正文 第103章

    树林之中。
    卫缙走到一棵生着人面的藤树下, 目光淡然地望着那副紧闭双眼的人脸,懒洋洋招呼道:“半年多未见,没想到你变成了这副模样, 也难怪二师弟找遍整个大卫都找不到你,原来早就跟着鬼族在此地落脚了。”
    四周的藤树听到他这句话, 纷纷转过来脸, 木然地摇晃起树枝。
    而卫缙眼前的这一棵,瞧着面相大约四五十岁, 虽然脸上已经生出细纹沟壑, 但还是能依稀能看出几分从前在天授山时的模样。
    “怀光远,”卫缙说, “既然知道我来了, 就别再装了。”
    须臾,那张人脸便睁开了眼睛。
    此人正是因犯下和奸罪名被轰下天授山的内门弟子,怀光远。
    他略显苍老的双眼睁开一条细缝, 待看清楚卫缙的模样后, 登时睁得大大的,口齿不清道:“大、大师兄……!”
    “我早就不是你的大师兄了, ”卫缙冷着脸打断,“你是天授叛徒,该不会忘记自己做过什么了吧?”
    他是天授叛徒。
    怀光远似乎回想起什么,嵌在树里的身躯突然剧烈地挣扎起来,像是要逃脱什么枷锁一样,身上大大小小的肉色鼓包也随之发出一阵一阵的晃荡。
    卫缙只看了几眼,发现那是他浑身上下长满了乳丨房,便拧着眉后退几步,嫌恶道:“你就在这里跟我说话, 不要再动了。”
    那叫做怀光远的弟子面露痛苦之色,脸上顿时留下一串串眼泪:“大师兄,求您救救我,我也是一时着了鬼族的道,被那只花妖引诱后,才发觉她根本就不是什么普通妖族,我早就被她炼化成了藤母,除了在这里为藤鬼收集信息,便再无用处,我想死,但偏生她们还吊着我的命……”

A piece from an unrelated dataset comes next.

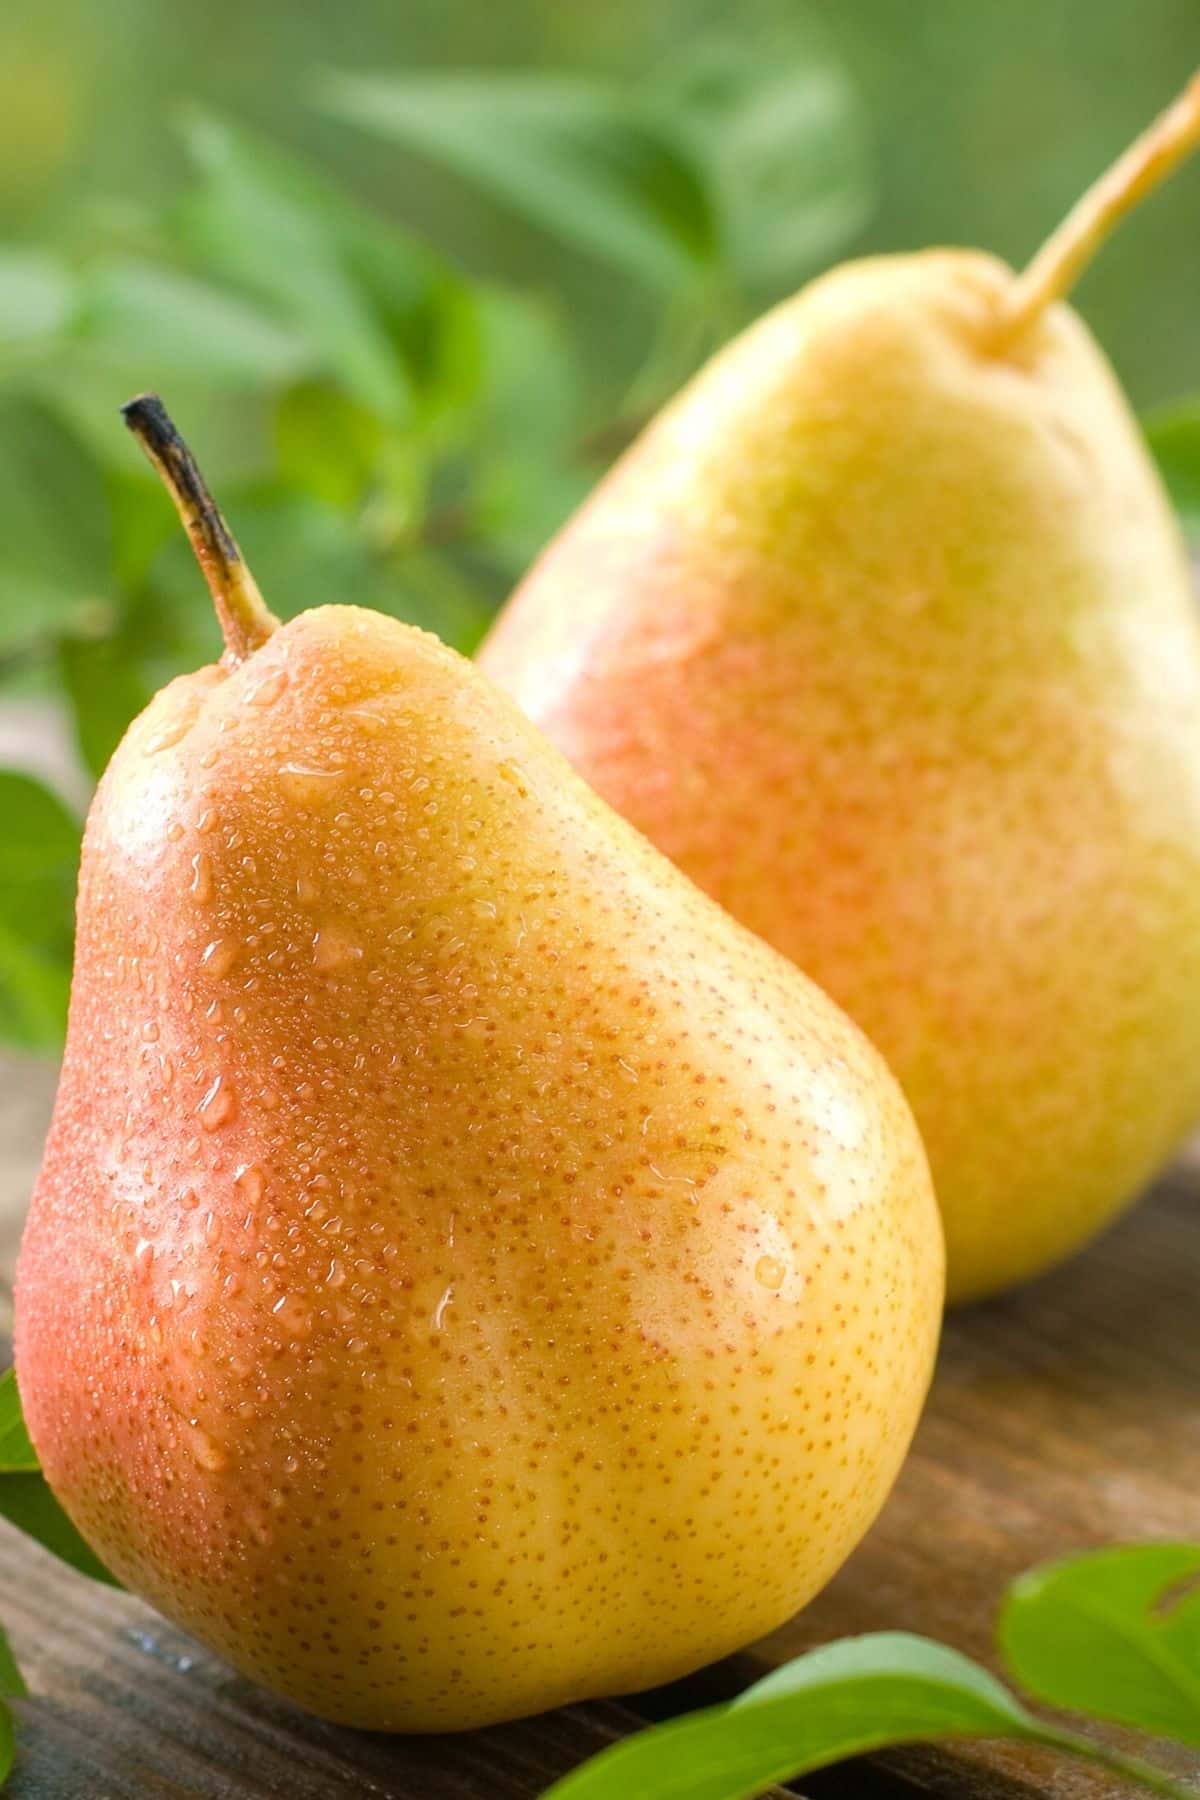 Two ripe yellow pears on a wooden table.

    没了法力傍身,他的身体迅速衰败老却,若不是身体里的藤种灌输着源源不断的怨气勉强支撑着他,怕是早就死了。
    怀光远是真的后悔了。
    悔在当时不该贪恋美色诱惑,答应那鬼族出卖天授宗,本以为自己能左右逢迎,谁知这偌大宗门之中聪明人多的是,他那点小把戏很快就被拆穿了。
    被那女鬼掳来谷中之后,他甚至还不受控制地诞下了一个鬼婴。
    不、不能再想了,若是再回想起那些日子,他觉得自己下一瞬就会疯掉。
    若是安安分分留在天授宗该多好,那可是天下第一宗啊。有钱有权,下界讨伐时,哪个百姓见了他身上穿的校服不敬他三分,留在天授山修行是极有可能在百年后得道成仙的,这无数多的好处,他竟然现在才懂得。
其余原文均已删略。